Puromycin pretreatment modified mitochondrial Ca²⁺ content in beating CM and delays mitochondrial permeability transition pore (mPTP) opening. (A) Representative time traces of mitochondrial Ca²⁺ concentration (expressed as the 340/380 fluorescent ratio of fura2-AM cytosolic probe)) from Ctrl and CM pretreated with 200 µM of puromycin for 30 min. (B) Boxplots represent mitochondrial calcium content assessed by 25 µM of FCCP (Carbonyl cyanide 4-(trifluoromethoxy)phenylhydrazone) stimulation (expressed by the delta max of the 340/380 fluorescent ratio of fura2-AM cytosolic probe) in Ctrl condition and after 30 min of 200 µM puromycin pretreatment. (C,D) Mitochondrial Ca²⁺ rises recorded in 4mtD3cpv-positive CM electrically stimulated successively at 0.5, 1, and 2 Hz. (C) Representative time traces of mitochondrial Ca²⁺ concentration in Ctrl and after 30 min of puromycin pretreatment, expressed as YFP/CFP fluorescent ratio with a time binning of 4 (every 2.12 sec). (D) Corresponding averaged mean increase of mitochondrial Ca²⁺ concentrations at the same range of stimulation frequencies. (E) Representative time traces of calcein fluorescence from Ctrl, and 1 µM cyclosporin A (CsA)-pretreated and puromycin-pretreated CM. (F) Boxplots representing the slope of the mitochondrial calcein fluorescence decay induced by ionomycin stimulation.

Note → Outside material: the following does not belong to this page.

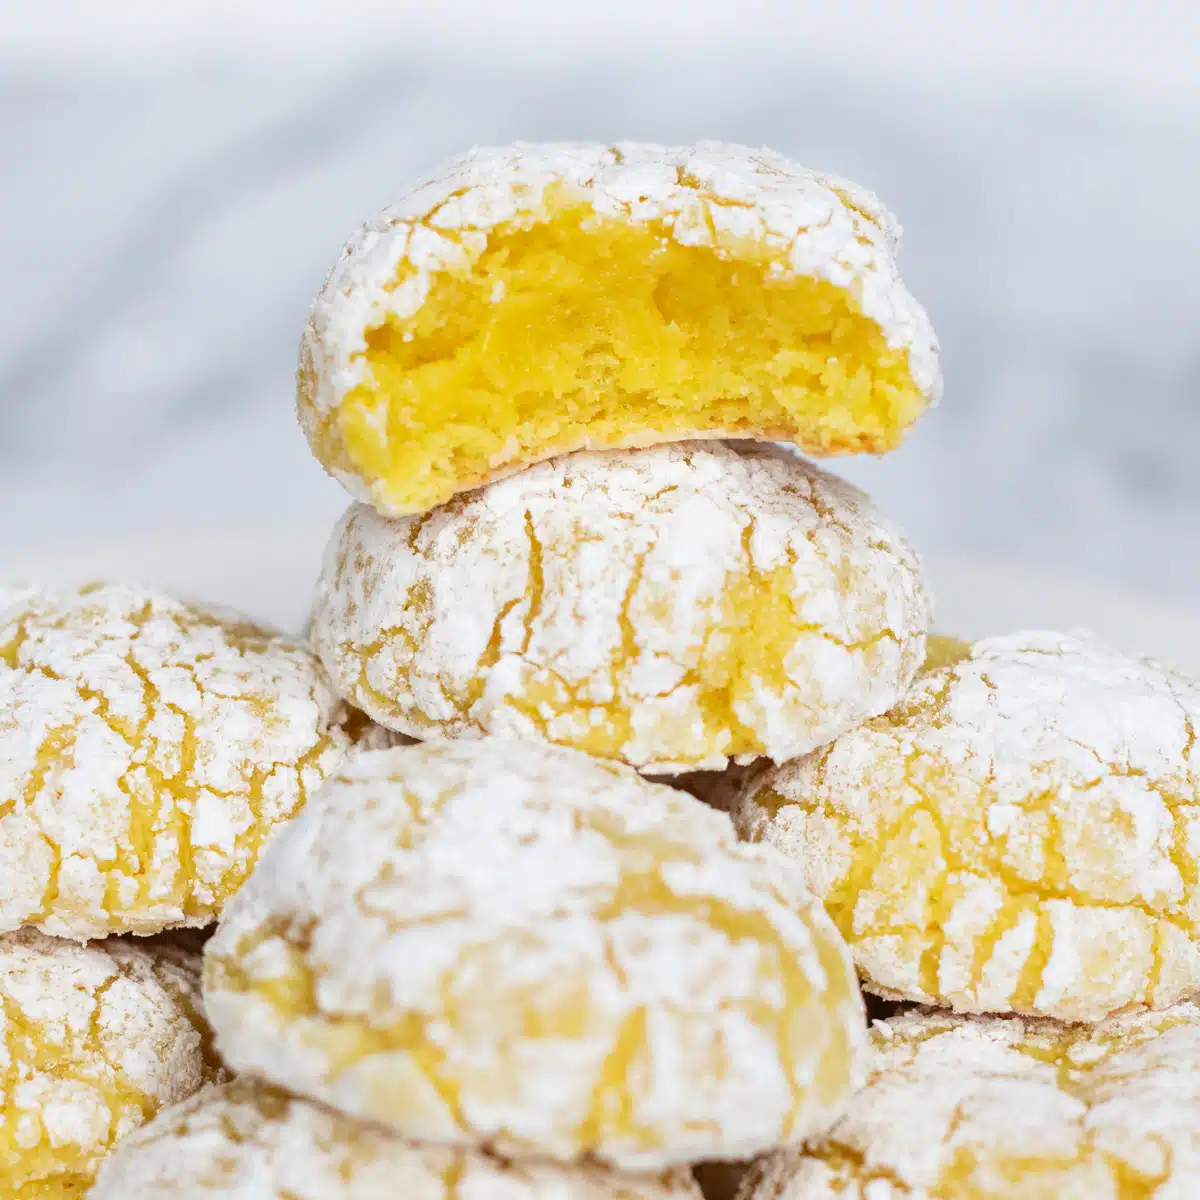 Super jemné citronové sušenky se smetanovým sýrem naskládané s kousnutím zobrazujícím žlutý střed horní sušenky.
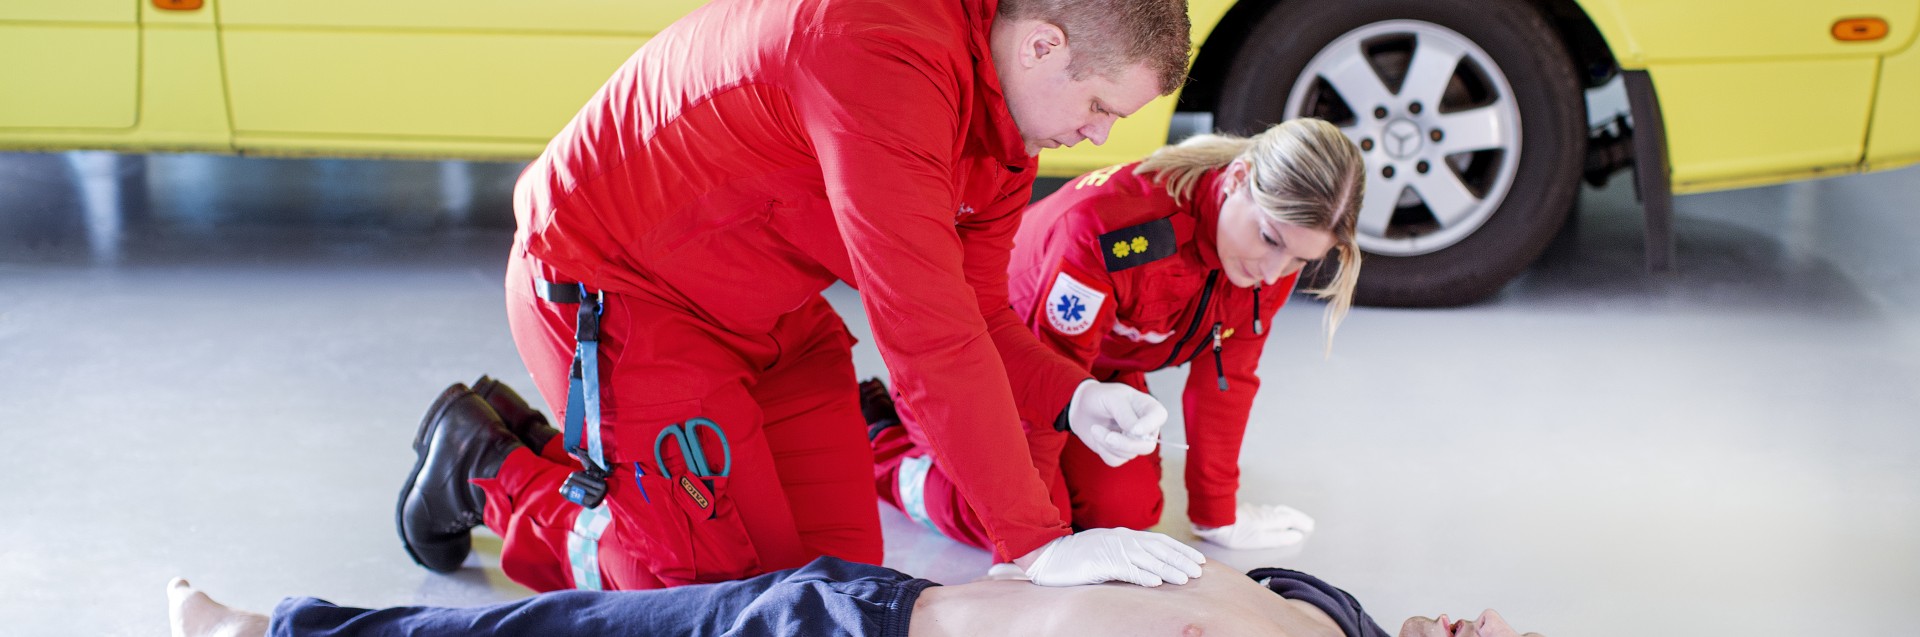 Ambulansearbeidere under ferdighetstrening med traumedukke

Data are represented as medians (except in E, mean ± SEM) from at least three independent experiments. n = cell count. Statistics: ++ p < 0.01, +++ p < 0.001 vs. Ctrl.

Figure 4

In vitro and in vivo CM protection by puromycin pretreatment after ischemia/reperfusion. (A) Experimental design representing ischemia-like hypoxia/reoxygenation (H/R) protocols achieved in isolated adult mouse CM. (B) Scatter plots showing mortality of CM subjected to H/R (Ctrl H/R) or CM concomitantly subjected to H/R and a 200 µM puromycin pretreatment (puro H/R). Evaluation of CM mortality was assessed via propidium iodide (PI) staining. (C) Experimental design showing the I/R protocols performed in mice by a blind test comparing different concentration of puromycin. (D) Scatter plots representing individual I/R mouse by the percentage of necrosis area (AN) over area-at-risk (AR). n = number of animals. Statistics: + p < 0.05, ++ p < 0.01 vs. Ctrl H/R. (E) Representative images of Evan’s blue- and triphenyltetrazolium chloride (TTC)-stained hearts from Ctrl I/R and Puro I/R mice.